On a warm Saturday afternoon in April, Jacob Karvonen sits surrounded by a group of young men in the food court of Concord Mills mall. They eat sushi, pizza and homemade peanut butter and jelly sandwiches. After lunch, they plan to head to a nearby park for a game of Frisbee in the gorgeous spring weather.
At first glance, the guys — all in their late teens and early twenties — look and act no different from the rest of the young shoppers milling around Concord Mills on a busy Saturday. They're white and black, Latino and Asian. Some keep their hair short; others wear it shaggy. One of them recently dyed his blue, hardly unusual in this day and age.
But a closer inspection reveals an intriguing hobby that might surprise more than one onlooker. Many in the group wear T-shirts featuring characters from the cartoon show My Little Pony: Friendship is Magic. Small pony figurines instantly recognizable to any young woman are scattered around the table, and a stuffed pink pony's head pokes out of someone's messenger bag.
This is an official meeting of Team Brony North Carolina.
AS A FRANCHISE, My Little Pony has been around since 1983 as a line of plastic toy ponies marketed to young girls. Through the years, the toys have given rise to four animated television series. The most recent, My Little Pony: Friendship is Magic, was developed by Emmy Award-winning animator Lauren Faust and debuted on The Hub Network on Oct. 10, 2010.
Shortly after its premiere, Amid Amidi, editor in chief of the blog Cartoon Brew, wrote an article criticizing Faust and the show for being toy-centric. Amidi called the program "the end of the creator-driven era in TV animation" and said it was "an admission of defeat for the entire movement, a white flag-waving moment for the TV animation industry." The article's alarmist nature began to fuel interest in the show, particularly among male users of the Internet forum 4chan. They began to watch and discuss its characters, plot, pop-culture references and animation style on the website. A new demographic of viewers had emerged, and they began to call themselves Bronies, a portmanteau of "bro" and "ponies."
According to the 2013 State of the Herd, an online census of 21,637 Bronies worldwide, almost 66 percent identify as exclusively heterosexual, their mean age is about 20, and Chile is the hot spot for Brony activity in South America.
In the first episode of My Little Pony: Friendship is Magic, a purple unicorn named Twilight Sparkle is sent to the town of Ponyville by Princess Celestia to supervise the Summer Sun Celebration.

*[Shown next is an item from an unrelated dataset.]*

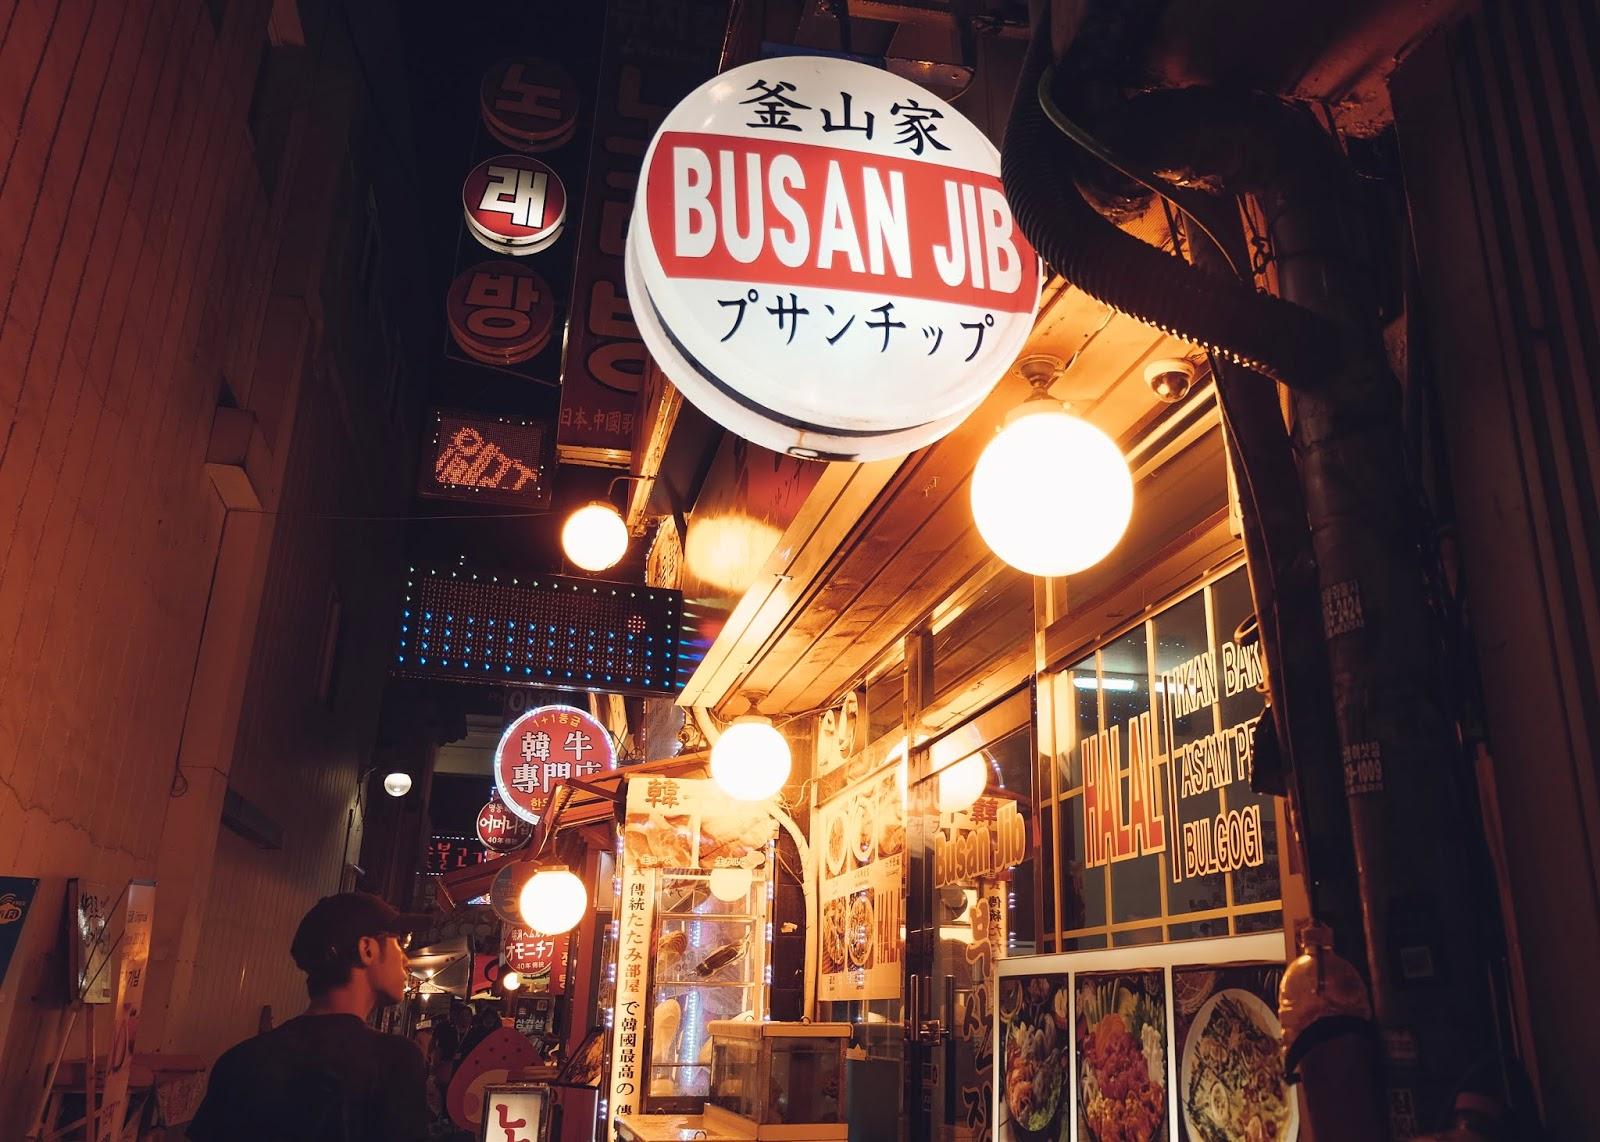 Busan Jib Restaurant Seoul Korea Curitan Aqalili

She grudgingly accepts her assignment but scoffs at the ruler of Equestria's suggestion to make some friends while she's there. Twilight is a devout student of pony magic who'd much rather have her muzzle stuck in a book than interact with other ponies.
Back at Concord Mills, Karvonen, 17, can relate to Twilight's hesitance to make friends. Before finding the Bronies, he said he "found it hard to accept people's friendship because I thought it would interfere with my lifestyle. I enjoyed staying in my room, writing stories and playing guitar. I didn't feel like I needed to share my time or interests with anyone else."
By the end of the second episode, Twilight has a change of heart. While in Ponyville, she meets five wildly different ponies who fearlessly stand by her side and help her defeat Night Mare Moon, an evil winged unicorn who wants to bring eternal night to Equestria.
KARVONEN, a native of Harrisburg, started watching My Little Pony last year after encountering posts and memes referencing the show on the website Funnyjunk. After some additional online exploration, he found the Bronies and the beginnings of a new group of friends; last summer, he started a Facebook group for local admirers of the show. Team Brony North Carolina has grown to more than 200 members who are constantly posting pony-related pictures, fan fiction and general news about their favorite cartoon equines. Most of its members are young adult males, but a few teenage and young women, or "Pegasisters," also participate.
The group hosts monthly get-togethers, and it is at the meeting in the food court of Concord Mills that I have my first real-life encounter with Bronies.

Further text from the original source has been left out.